After months of production use, here's what causes function calling to fail:

**Ambiguous schemas.** If two functions have overlapping descriptions (e.g., `search_documents` and `search_web`), the model gets confused about which to call. I've seen the model call `search_documents` when it should call `search_web` simply because the descriptions weren't distinct enough.

Fix: Make descriptions mutually exclusive. "Use for searching the local document store" vs "Use for searching the internet."

**Contradictory instructions.** If your system prompt says "Never make up information" but you also have a `generate_report` function that expects complete data, the model may refuse to call the function because it can't satisfy both constraints.

Fix: Review your system prompt for conflicts with tool descriptions.

**Missing required parameters.** The model sometimes omits optional parameters it should include. Making the parameter required (in JSON Schema) forces the model to provide it but increases the chance of hallucinated values.

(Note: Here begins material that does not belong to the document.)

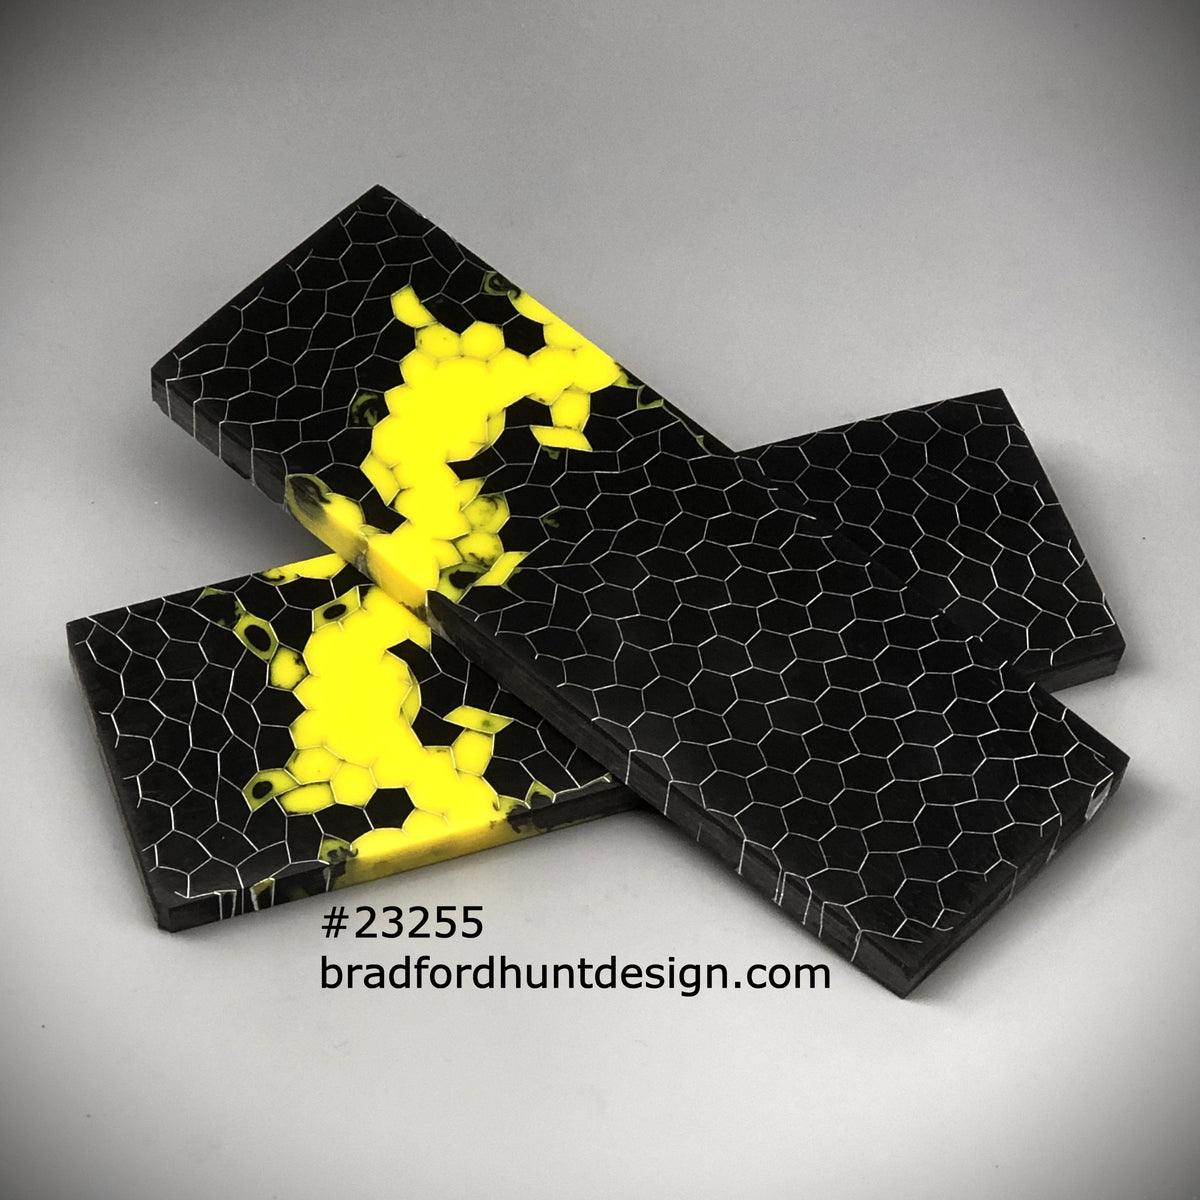 Aluminum Honeycomb and Urethane Resin Custom Knife Scales #22252 – Bradford  Hunt Design

Fix: Accept reasonable defaults in your function implementation instead of requiring the model to provide every parameter.

---

*Related: [Best AI agent frameworks in 2026](/posts/best-ai-agent-frameworks-2026/) — where frameworks help and where they get in the way.*

## Building a simple agent from scratch

Here's the complete agent pattern I use for production. It's about 80 lines of Python with no framework dependencies:

```python
import json
import openai
from datetime import datetime

class FunctionCallingAgent:
    def __init__(self, tools: list, functions: dict, model="gpt-4o", max_steps=10):
        self.tools = tools
        self.functions = functions  # {"function_name": callable}
        self.model = model
        self.max_steps = max_steps
        self.steps = 0
        self.messages = []

    def run(self, user_input: str) -> str:
        self.messages = [
            {"role": "system", "content": f"You are a helpful assistant. Today is {datetime.now().strftime('%Y-%m-%d')}. Use tools when needed."},
            {"role": "user", "content": user_input}
        ]

        while self.steps < self.max_steps:
            self.steps += 1

            response = openai.responses.create(
                model=self.model,
                input=self.messages,
                tools=self.tools,
                tool_choice="auto"
            )

            output = response.output
            function_calls = [o for o in output if o.type == "function_call"]

            if not function_calls:
                return output[0].content

            # Execute all tool calls
            assistant_tool_calls = []
            for fc in function_calls:
                func = self.functions.get(fc.name)
                if not func:
                    result = {"error": f"Unknown function: {fc.name}"}
                else:
                    try:
                        args = json.loads(fc.arguments)
                        result = func(**args)
                    except Exception as e:
                        result = {"error": str(e)}

                assistant_tool_calls.append({
                    "id": fc.call_id,
                    "type": "function",
                    "function": {"name": fc.name, "arguments": fc.arguments}
                })

                self.messages.append({
                    "role": "tool",
                    "tool_call_id": fc.call_id,
                    "content": json.dumps(result)
                })

            self.messages.append({
                "role": "assistant",
                "content": None,
                "tool_calls": assistant_tool_calls
            })

        return "Agent stopped: max steps reached."

# Usage
tools = [...]  # Your tool definitions
functions = {
    "get_weather": get_weather,
    "get_air_quality": get_air_quality,
}

agent = FunctionCallingAgent(tools, functions)
result = agent.run("What's the weather and air quality in Bengaluru?")
```

That's it. No LangChain. No LangGraph. One class, 80 lines, production-ready if you add logging and error handling on top.

Function calling is the foundation. Everything else — state machines, multi-agent orchestration, monitoring — is built on top of this pattern. Master this first, and you can build anything.